Ipomoea batatas Colocasia esculente
Vorkommen Südostasien Südamerika Südamerika Südostasien / Hawaii / Afrika
Farbe intensiv lila violett violett lila violett gesprenkelt
Geschmack lieblich, cremig, vanillig, nussig erdig, weniger süß süßlich, erdig leicht nussig, neutral, nach Marone
Typische Verwendung süßspeisen, Eiscreme, Kuchen, Getränke herzhafte, gekochte Speisen, Suppen eher herzhafte Gerichte, Aufläufe, gekocht herzhafte und süße Süßspeisen

Wie Ube zur Dessertkultur wurde

Insbesondere auf den Philippinen ist Ube besonders eng mit Süßspeisen verbunden. Die wichtigste Zubereitung ist Ube Halaya, eine dicke, cremige Masse aus gekochter, fein zerdrückter Yamswurzel, die traditionell mit Kokosmilch, Kondensmilch, Butter und Zucker langsam eingekocht wurde, um sie länger haltbar zu machen, ähnlich wie Marmelade ("ube jam").

Die Ube Halaya Paste kann pur gegessen werden, dient aber auch als Füllung, Topping oder Grundlage für weitere Desserts. Aus der Yamswurzel entstand eine Zutat, die Farbe, Geschmack und Textur in Desserts brachte.

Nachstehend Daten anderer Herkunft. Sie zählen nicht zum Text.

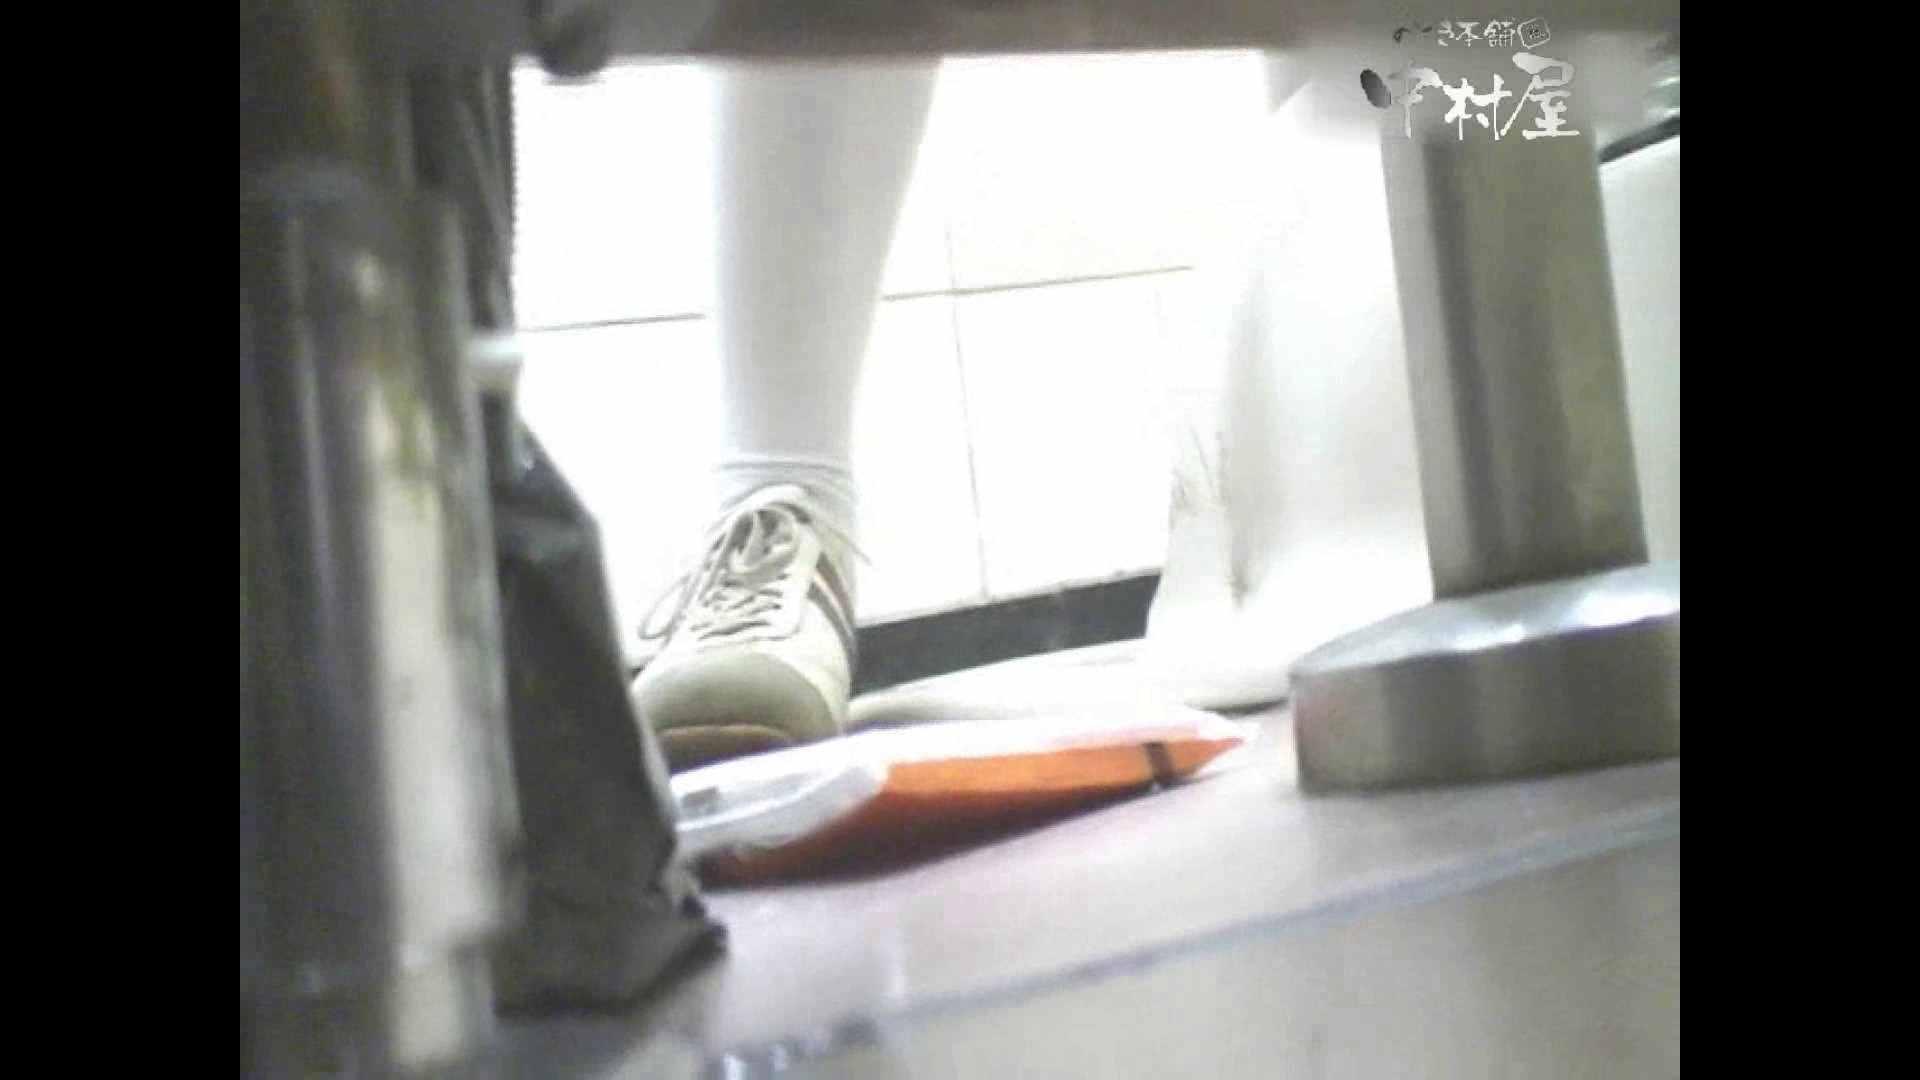 岩手県在住盗撮師盗撮記録vol.29 ハプニング映像  103PIX 10

Typische traditionelle Ube Süßspeisen sind:

  • Ube Halaya: cremige Masse aus gekochter Yamswurzel
  • Halo-halo: geschichtetes Eis-Dessert mit Ube als prägendem Element
  • Ube Ice Cream: klassische Eisvariante mit mildem, nussigem Aroma
  • Ube Cake: violetter Kuchen, oft kombiniert mit Macapuno Kokosnuss
  • Ube Pandesal: weiche Hefebrötchen, häufig mit Käsefüllung
  • Ube Hopia: gefülltes Gebäck mit Ube Füllung
  • Ube Crinkles: violette Cookie Variante

Neu ist, dass die Welt sie jetzt entdeckt und der Ube-Trend, vor allem auf Social Media, zunimmt. Gerade weil Ube mild, leicht süßlich, nussig und vanillig schmeckt, eignet sich diese Yamswurzel so gut für Süßspeisen und für moderne Trendgetränke wie den Ube Latte. Das Pulver dafür findest du bei tea exclusive.

Warum Ube heute ein internationaler Trend ist

Ube wird heute international sichtbarer, weil die violettfarbene Yamswurzel in neue Rezeptformen übersetzt wurde und ihre spektakuläre Farbe in sozialen Medien sofort auffällt. Was auf den Philippinen seit Generationen Teil der Dessertküche ist, erscheint heute in Kuchen, Eis, Cremes, Bowls und Drinks wie Ube Coffee oder Ube Matcha Lattes, einem Getränk aus Ube und Matcha. So erhältst du einen Matcha Latte mit charakteristischer grüner Farbe, der zusätzlich noch mit dem Lila der Ube-Wurzel ausgestattet ist und alle Blicke auf sich zieht. Mit Matcha-Zubehör wie Schalen, Bambusbesen (Chasen) oder Bambuslöffeln (Chashaku) kannst du dein Getränk fachgerecht zubereiten und den Drink genießen. Weiteres Teezubehör, das man auch für Ube nutzen kann, findest du bei tea exclusive.
Besonders gut funktioniert Ube, weil die Zutat mehrere Eigenschaften verbindet:

  • eine rein natürliche, intensive violette Farbe
  • ein angenehmes, mild-süßliches Aroma und
  • eine cremige Textur, die gut zu Desserts und Drinks passt

Genau diese Kombination macht die Ube-Wurzel für moderne Getränke und Süßspeisen so interessant.

aufgeschnittene lila Yamswurzel neben einer Schale mit Ube-Pulver und einem Löffel

Die traditionsreiche violette Yamswurzel in neuer Form

Wer in Ube heute nur einen lila Effekt sieht, übersieht das eigentlich Spannende: Ube ist kein neuer Trend, sondern eine alte Dessertzutat, die erst durch Social Media global sichtbar wurde. Die violette Knolle bringt Farbe, Geschmack und Herkunft zusammen. Die Ube-Wurzel sieht modern aus, hat aber eine Geschichte, die lange vor dem ersten Ube Latte begann.